Немного помолчали. Потом Таня попросила рассказать Веру Глебовну о Москве, и та стала говорить о жизни в столице, о бомбежках, о том, как одиноко она живет... Тетя Нюша о немцах рассказала, которые не очень-то в их деревне лютовали, но в других – безобразничали, а Таня о том, как они с Андреем на току зерно собирали, варили его потом и в мясорубке провертывали – не хватало бойцам казенного питания, так как не поставили сразу их часть на довольствие и перебои случались.

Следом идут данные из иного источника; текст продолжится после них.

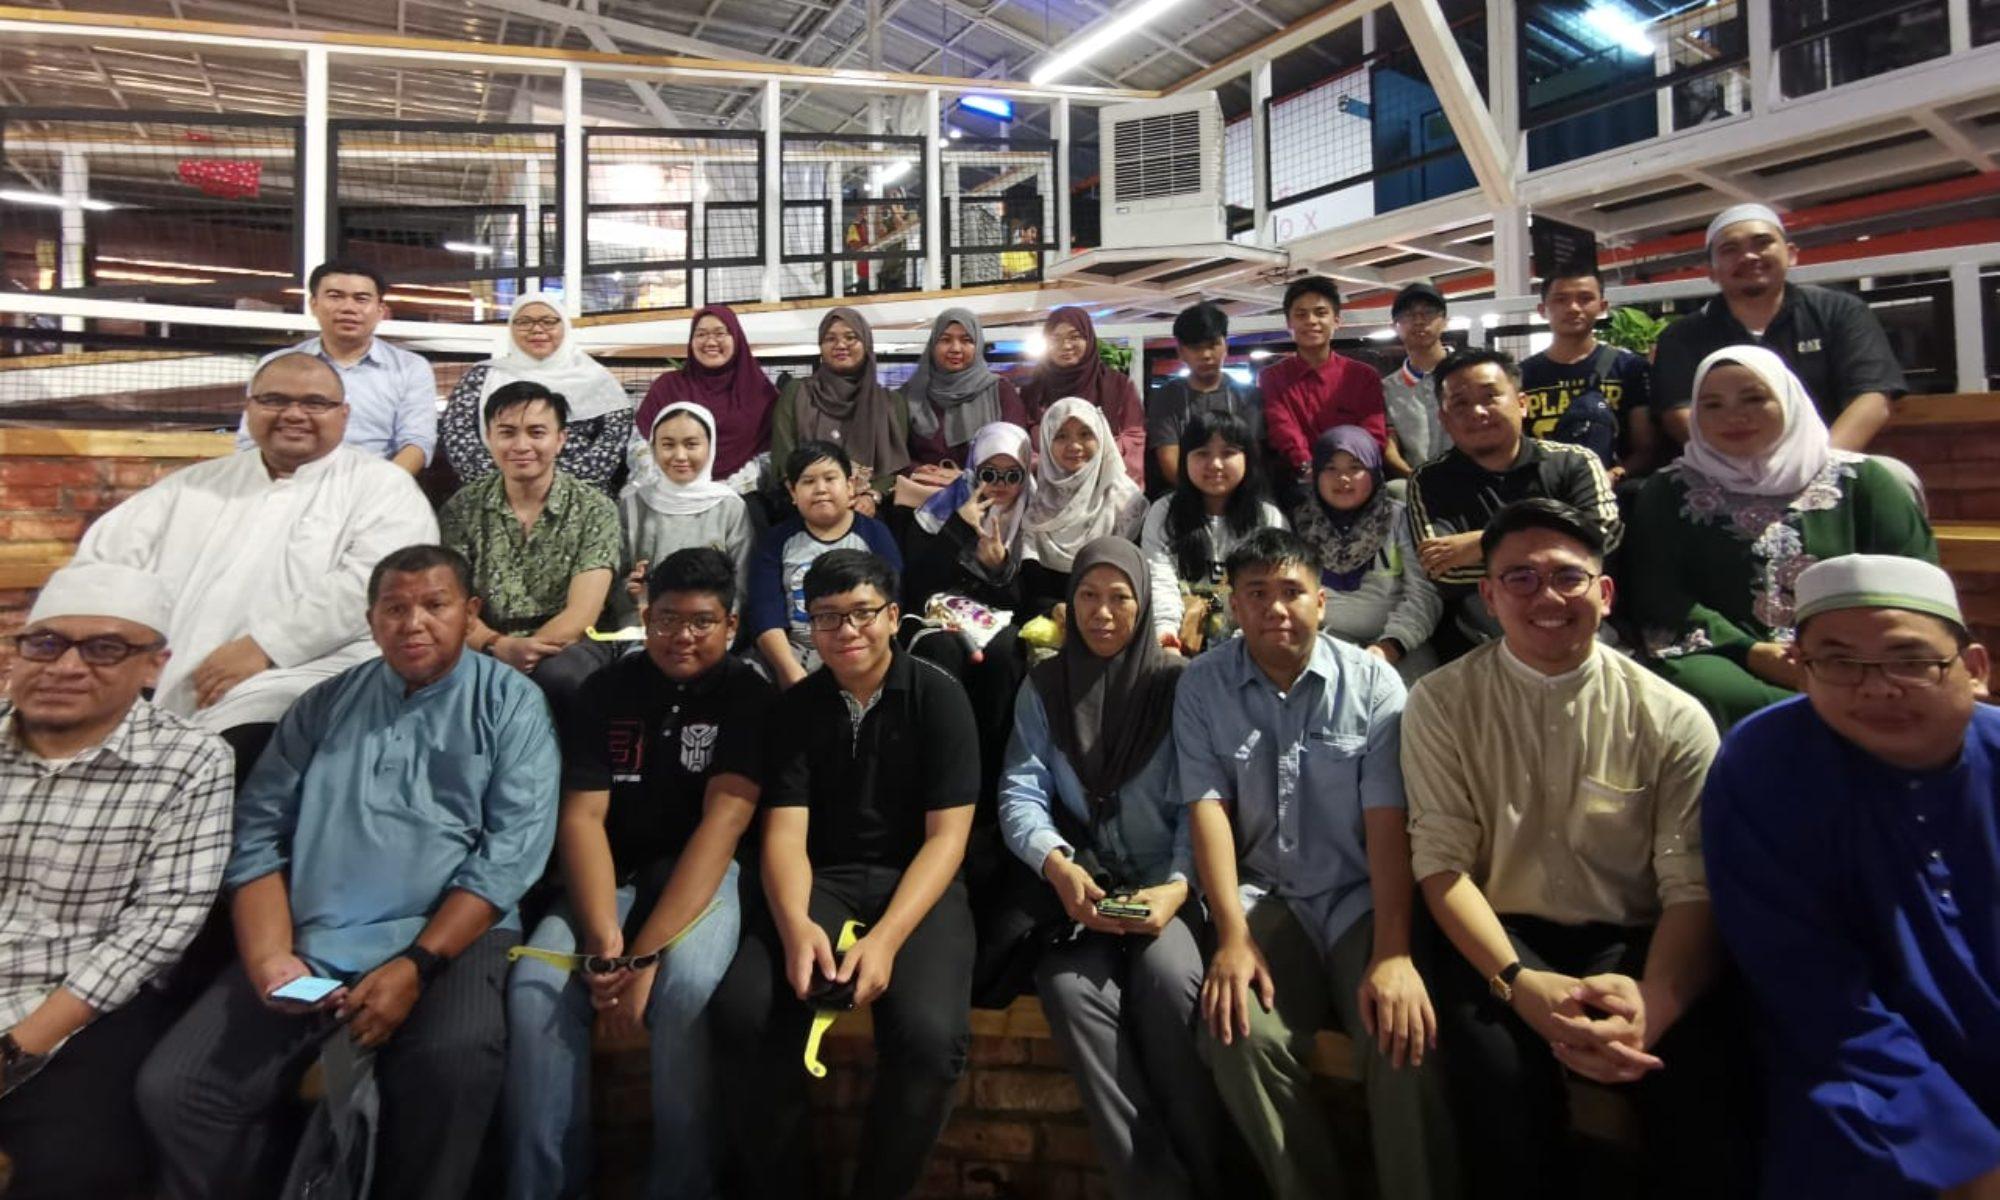 Bruneiastronomy.org

А зимний день потихоньку уходил... Все синее и синее становилось за окнами, а в избе потемнели углы, и только лампадка трепетным светлячком мерцала у иконы, и они почти уже не видели друг друга, но Вера Глебовна ощущала около себя округлое девичье плечо, и не было в ее душе отчаяния от несостоявшейся встречи с сыном, а только какая-то тихая и торжественная почему-то грусть...
Так и сидели три эти женщины, вроде бы посторонние друг другу, но одинаково больно ударенные войной под самое сердце, сидели и сумерничали, ощущая себя близкими, почти родными, словно прожили бок о бок долгие годы.
И тут прокатился далекий, глухой гул, словно где-то очень далеко шла гроза. То неясным рокотом в тиши деревенского вечера дала о себе знать неблизкая передовая. Вера Глебовна вздрогнула и сдавленным шепотом спросила:
– Неужели Андрей уже там?
– Нет, Вера Глебовна... За ночь не дойти туда.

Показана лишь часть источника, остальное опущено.